Re: [PATCH] block: don't grab elevator lock during queue initialization

Nilay Shroff <nilay@xxxxxxxxxxxxx> · Wed, 9 Apr 2025 19:16:03 +0530

On 4/9/25 5:16 PM, Ming Lei wrote:
>>>>> Not sure it is easily, ->tag_list_lock is exactly for protecting the list of "set->tag_list".
>>>>>
>>>> Please see this, here nvme_quiesce_io_queues doen't require ->tag_list_lock:
>>>>
>>>> diff --git a/drivers/nvme/host/core.c b/drivers/nvme/host/core.c
>>>> index 777db89fdaa7..002d2fd20e0c 100644
>>>> --- a/drivers/nvme/host/core.c
>>>> +++ b/drivers/nvme/host/core.c
>>>> @@ -5010,10 +5010,19 @@ void nvme_quiesce_io_queues(struct nvme_ctrl *ctrl)
>>>>  {
>>>>         if (!ctrl->tagset)
>>>>                 return;
>>>> -       if (!test_and_set_bit(NVME_CTRL_STOPPED, &ctrl->flags))
>>>> -               blk_mq_quiesce_tagset(ctrl->tagset);
>>>> -       else
>>>> -               blk_mq_wait_quiesce_done(ctrl->tagset);
>>>> +       if (!test_and_set_bit(NVME_CTRL_STOPPED, &ctrl->flags)) {
>>>> +               struct nvme_ns *ns;
>>>> +               int srcu_idx;
>>>> +
>>>> +               srcu_idx = srcu_read_lock(&ctrl->srcu);
>>>> +               list_for_each_entry_srcu(ns, &ctrl->namespaces, list,
>>>> +                               srcu_read_lock_held(&ctrl->srcu)) {
>>>> +                       if (!blk_queue_skip_tagset_quiesce(ns->queue))
>>>> +                               blk_mq_quiesce_queue_nowait(ns->queue);
>>>> +               }
>>>> +               srcu_read_unlock(&ctrl->srcu, srcu_idx);
>>>> +       }
>>>> +       blk_mq_wait_quiesce_done(ctrl->tagset);
>>>>  }
>>>>  EXPORT_SYMBOL_GPL(nvme_quiesce_io_queues);
>>>>
>>>> Here we iterate through ctrl->namespaces instead of relying on tag_list
>>>> and so we don't need to acquire ->tag_list_lock.
>>>
>>> How can you make sure all NSs are covered in this way?
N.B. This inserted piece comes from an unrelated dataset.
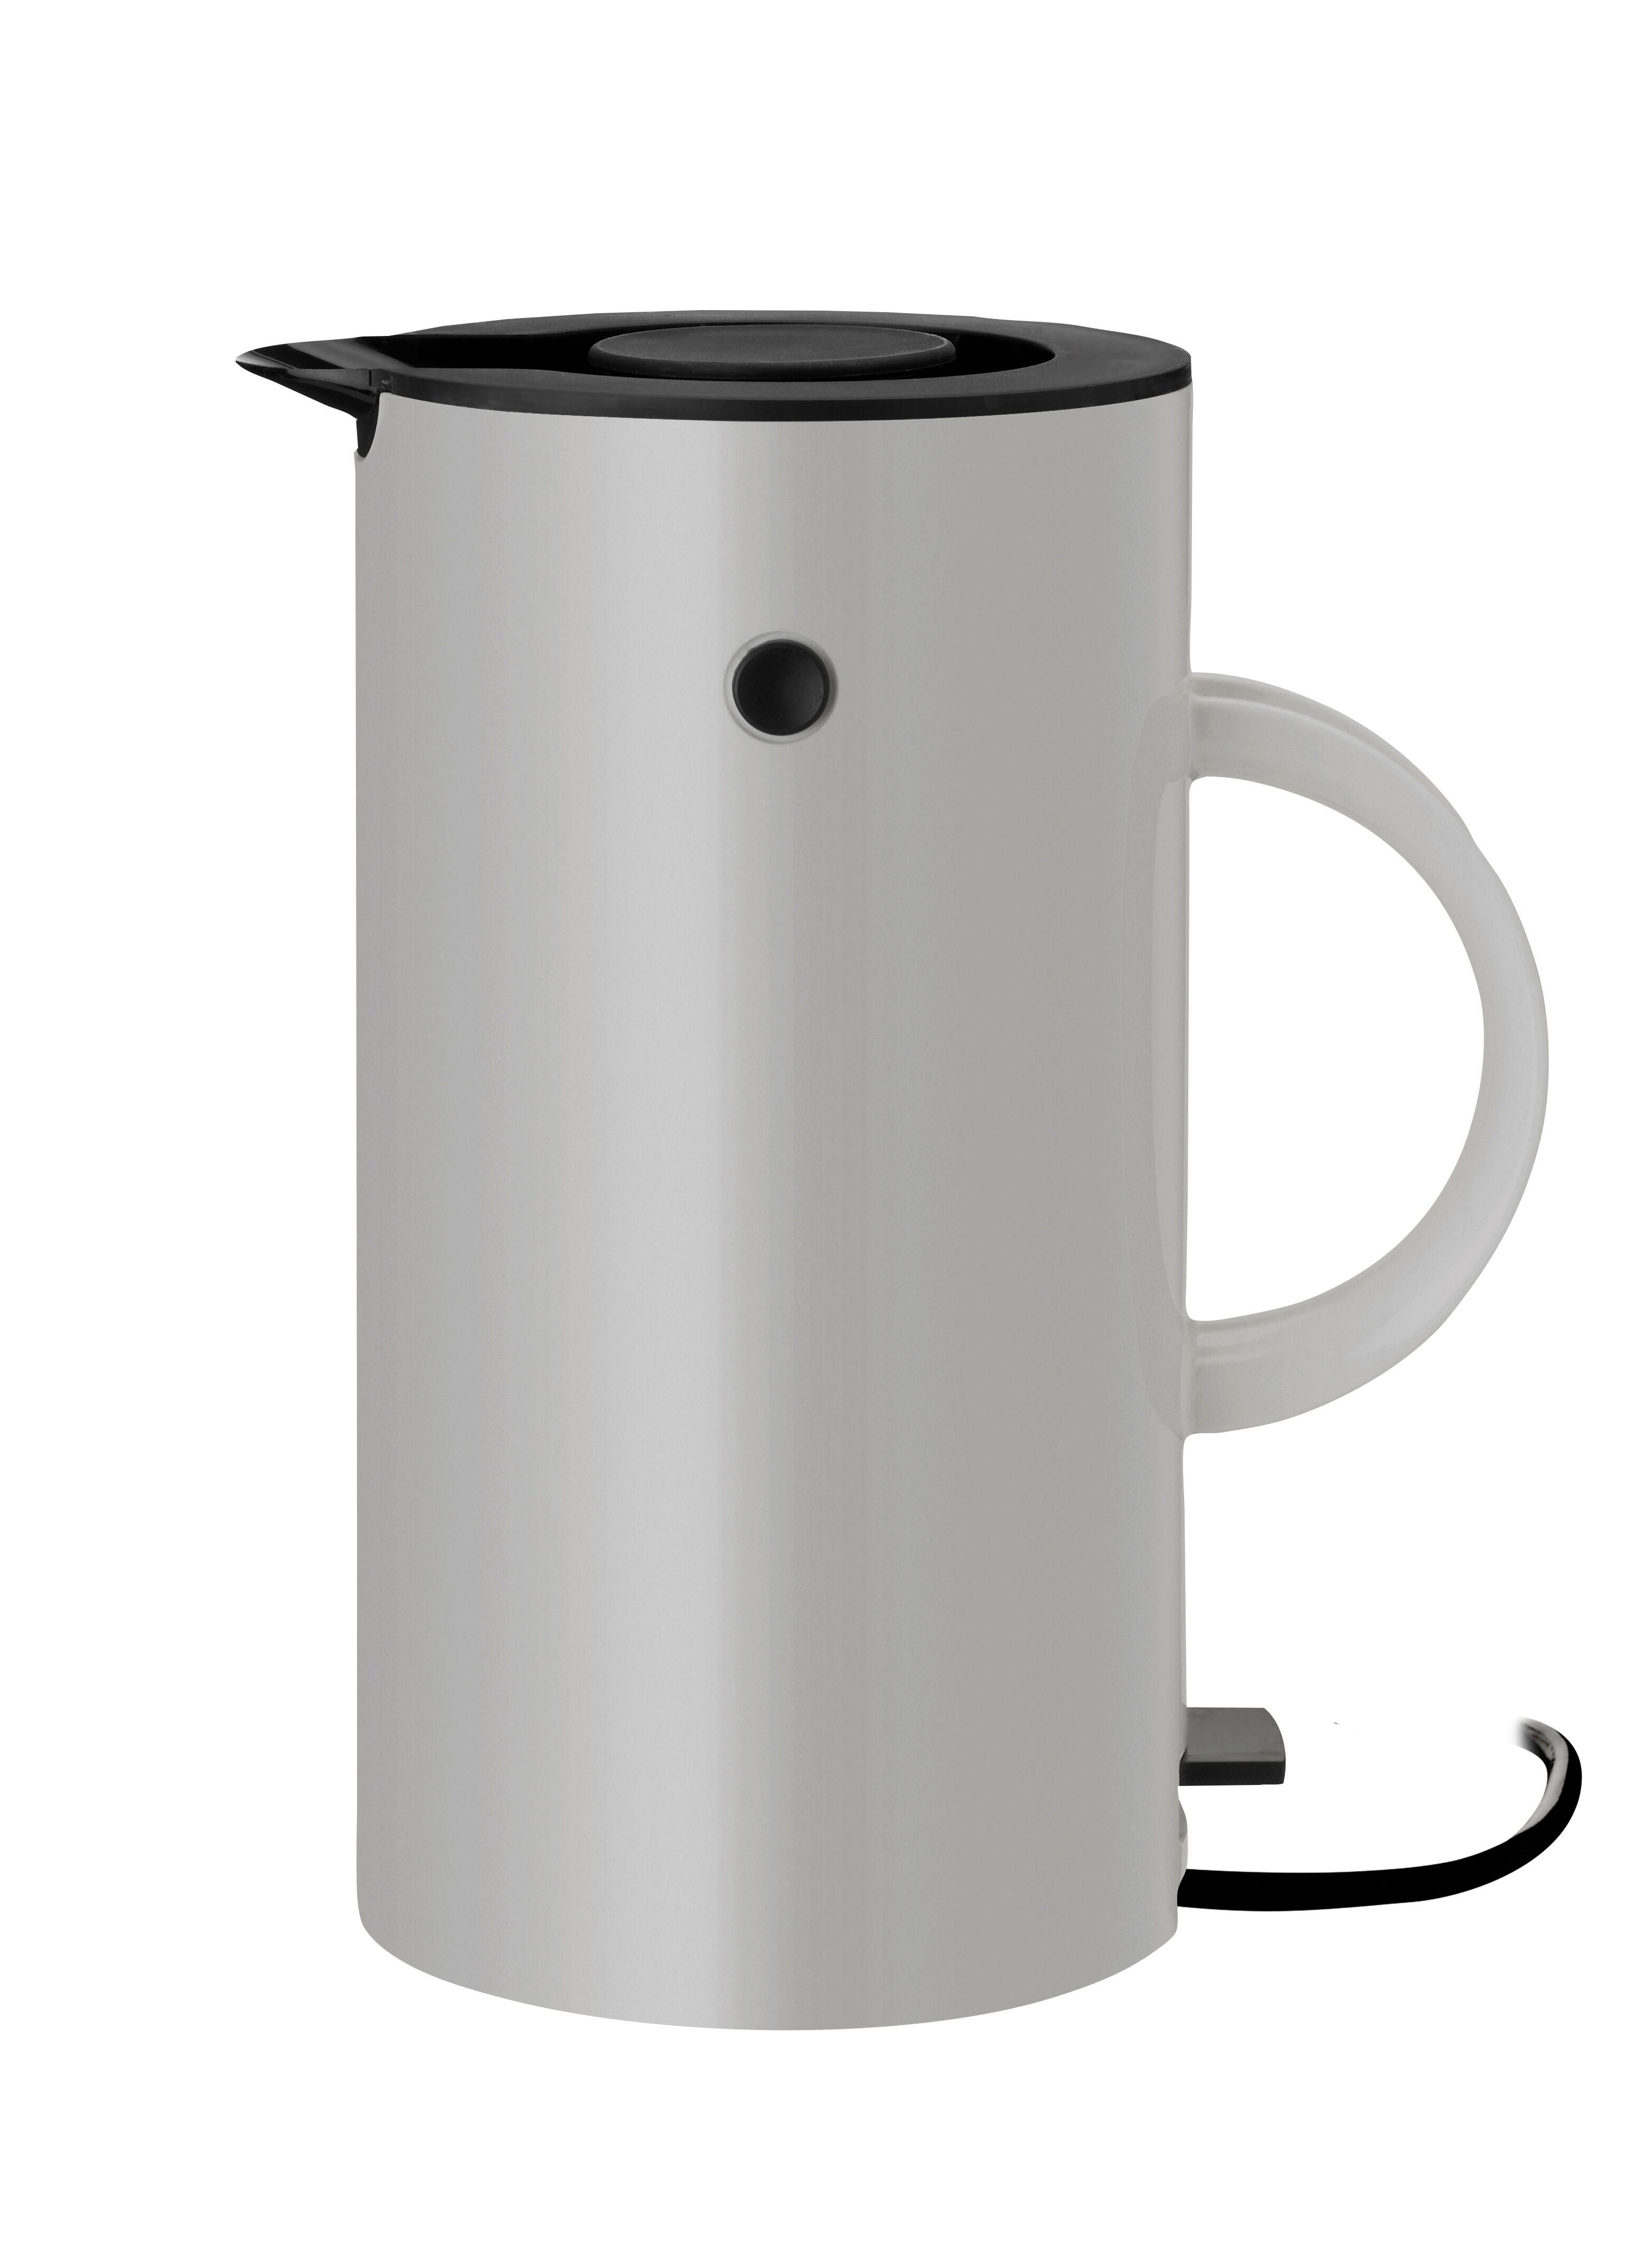 Stelton - EM77 Electric Kettle 1,5 L - Light Grey (890-2)

RCU/SRCU can't
>>> provide such kind of guarantee.
>>>
>> Why is that so? In fact, nvme_wait_freeze also iterates through 
>> the same ctrl->namespaces to freeze the queue.
> 
> It depends if nvme error handling needs to cover new coming NS,
> suppose it doesn't care, and you can change to srcu and bypass
> ->tag_list_lock.
> 
Yes new incoming NS may not be live yet when we iterate through 
ctrl->namespaces. So we don't need bother about it yet.
>>
>>>>
>>>>> And the same list is iterated in blk_mq_update_nr_hw_queues() too.
>>>>>
>>>>>>
>>>>>>>
>>>>>>> So all queues should be frozen first before calling blk_mq_update_nr_hw_queues,
>>>>>>> fortunately that is what nvme is doing.
>>>>>>>
>>>>>>>
>>>>>>>> If yes then it means that we should be able to grab ->elevator_lock
>>>>>>>> before freezing the queue in __blk_mq_update_nr_hw_queues and so locking
>>>>>>>> order should be in each code path,
>>>>>>>>
>>>>>>>> __blk_mq_update_nr_hw_queues
>>>>>>>>     ->elevator_lock 
>>>>>>>>       ->freeze_lock
>>>>>>>
>>>>>>> Now tagset->elevator_lock depends on set->tag_list_lock, and this way
>>>>>>> just make things worse. Why can't we disable elevator switch during
>>>>>>> updating nr_hw_queues?
>>>>>>>
>>>>>> I couldn't quite understand this. As we already first disable the elevator
>>>>>> before updating sw to hw queue mapping in __blk_mq_update_nr_hw_queues().
>>>>>> Once mapping is successful we switch back the elevator.
>>>>>
>>>>> Yes, but user still may switch elevator from none to others during the
>>>>> period, right?
>>>>>
>>>> Yes correct, that's possible. So your suggestion was to disable elevator
>>>> update while we're running __blk_mq_update_nr_hw_queues? And that way user
>>>> couldn't update elevator through sysfs (elv_iosched_store) while we update
>>>> nr_hw_queues? If this is true then still how could it help solve lockdep
>>>> splat? 
>>>
>>> Then why do you think per-set lock can solve the lockdep splat?
>>>
>>> __blk_mq_update_nr_hw_queues is the only chance for tagset wide queues
>>> involved wrt. switching elevator. If elevator switching is not allowed
>>> when __blk_mq_update_nr_hw_queues() is started, why do we need per-set
>>> lock?
>>>
>> Yes if elevator switch is not allowed then we probably don't need per-set lock. 
>> However my question was if we were to not allow elevator switch while 
>> __blk_mq_update_nr_hw_queues is running then how would we implement it?
> 
> It can be done easily by tag_set->srcu.
Ok great if that's possible! But I'm not sure how it could be done in this
case. I think both __blk_mq_update_nr_hw_queues and elv_iosched_store
run in the writer/updater context. So you may still need lock? Can you
please send across a (informal) patch with your idea ?

> 
>> Do we need to synchronize with ->tag_list_lock? Or in another words,
>> elv_iosched_store would now depends on ->tag_list_lock ? 
> 
> ->tag_list_lock isn't involved.
> 
>>
>> On another note, if we choose to make ->elevator_lock per-set then 
>> our locking sequence in blk_mq_update_nr_hw_queues() would be,
> 
> There is also add/del disk vs. updating nr_hw_queues, do you want to
> add the per-set lock in add/del disk path too?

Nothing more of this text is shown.